The timing of Putin’s visit also reflects a mutual understanding that the global order is in flux. For Russia, India remains one of the few large, independent, and rising powers that has not aligned itself with either the Western bloc or the Sino-Russian axis. For India, Russia remains a crucial pillar in maintaining a multipolar Asia and ensuring that New Delhi retains flexibility in balancing Western partnerships with its own national interests.
How America views this visit—and how it interprets the outcomes of the Modi–Putin dialogue—will be closely watched by the rest of the world. Washington has historically viewed India–Russia engagement through the lens of its own geopolitical struggles, whether during the Cold War or in the current era of great-power rivalry with China and Russia. But the United States must accept an essential truth: India does not believe in exclusive relationships. New Delhi’s global partnerships are guided by sovereignty, strategic autonomy, and the pursuit of a balanced multipolar order—not by pressure tactics or ideological camps.
India will continue to deepen ties with the United States in trade, technology, education, and defense interoperability. But that will not come at the cost of its historic and strategic relationship with Russia.
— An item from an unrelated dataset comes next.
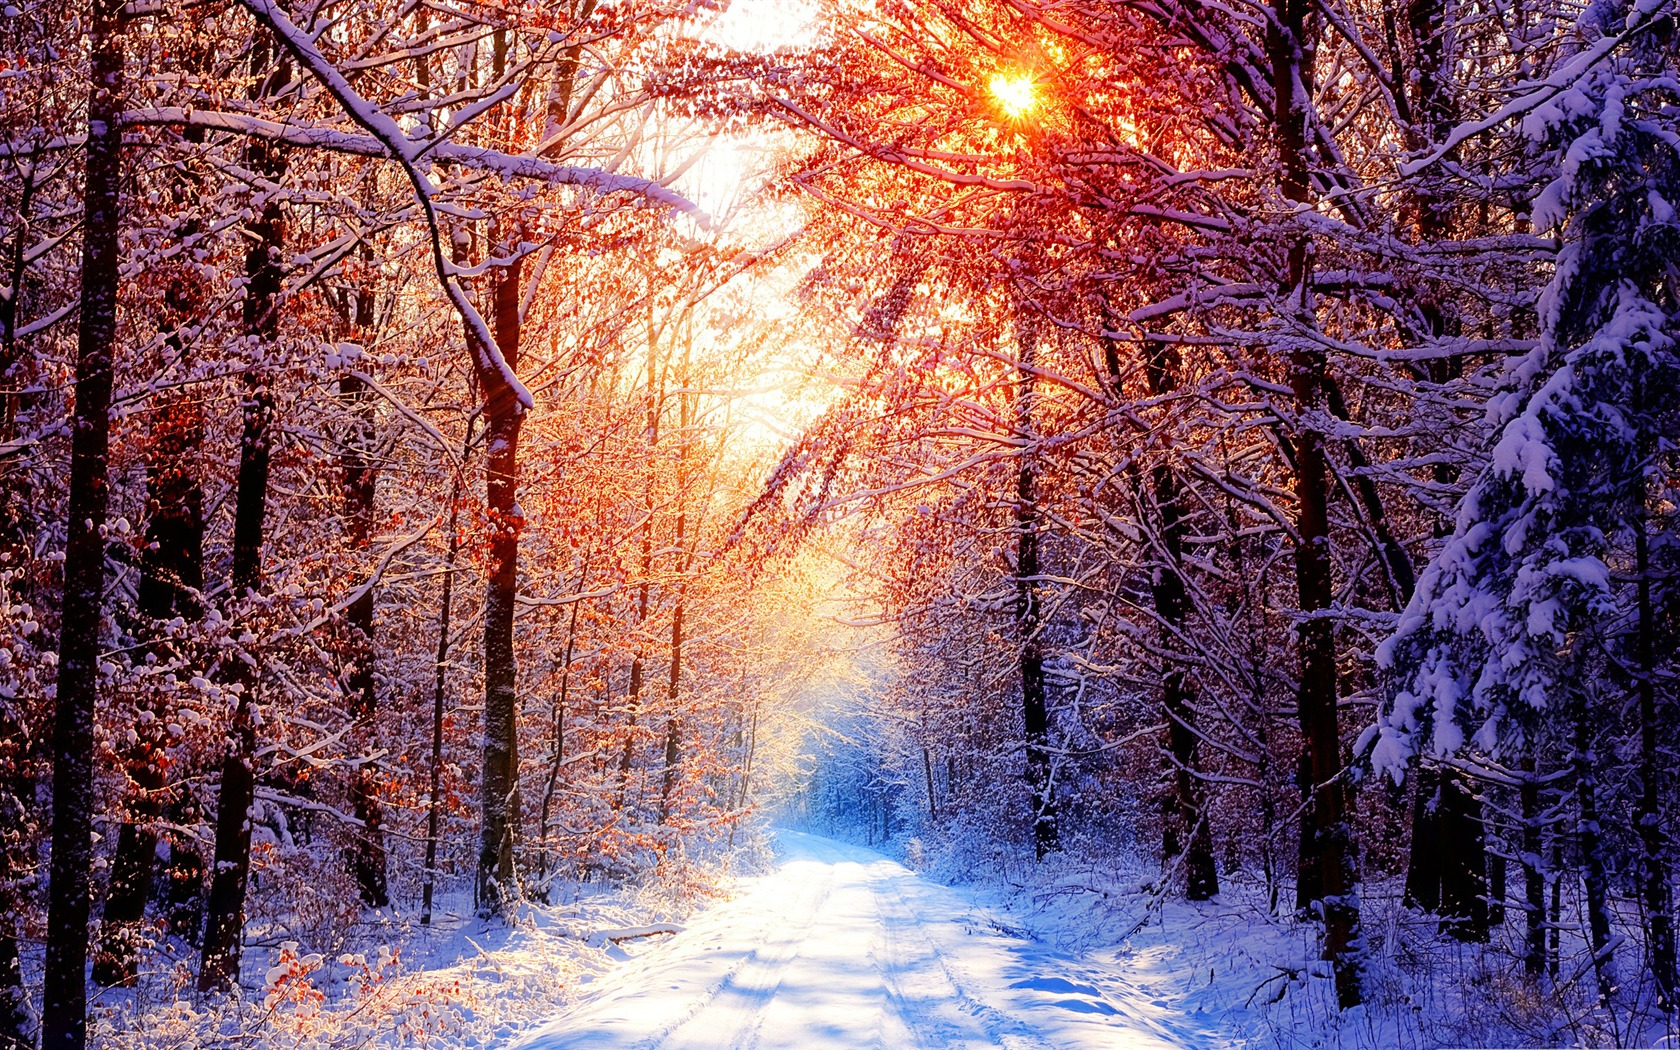 Winter Scenes-the Cold Winter Landscape Desktop-1680x1050

In fact, Putin’s 2025 visit may well become the moment India–Russia relations receive a fresh infusion of energy. Aside from defense ties, both sides are exploring expansion in the North–South Transport Corridor, cooperation in civil nuclear energy, space technology, and new investments in the Russian Far East—a region where India has already pledged significant economic participation. Cultural and educational exchanges, too, are likely to rise as Moscow views India as a long-term partner in the emerging non-West-led economic order.
What remains certain is that Putin’s visit will strengthen—not merely symbolize—the India–Russia partnership. In an era when alliances shift overnight and global politics is defined by volatility, the India–Russia relationship remains a model of consistency and trust. It has weathered wars, sanctions, diplomatic storms, and vast changes in leadership on both sides. And it has emerged stronger each time.
As the world watches Modi and Putin meet once again, the message is unmistakable: there are friendships in global diplomacy that are built not on convenience, but on conviction—and the India–Russia partnership is one of them.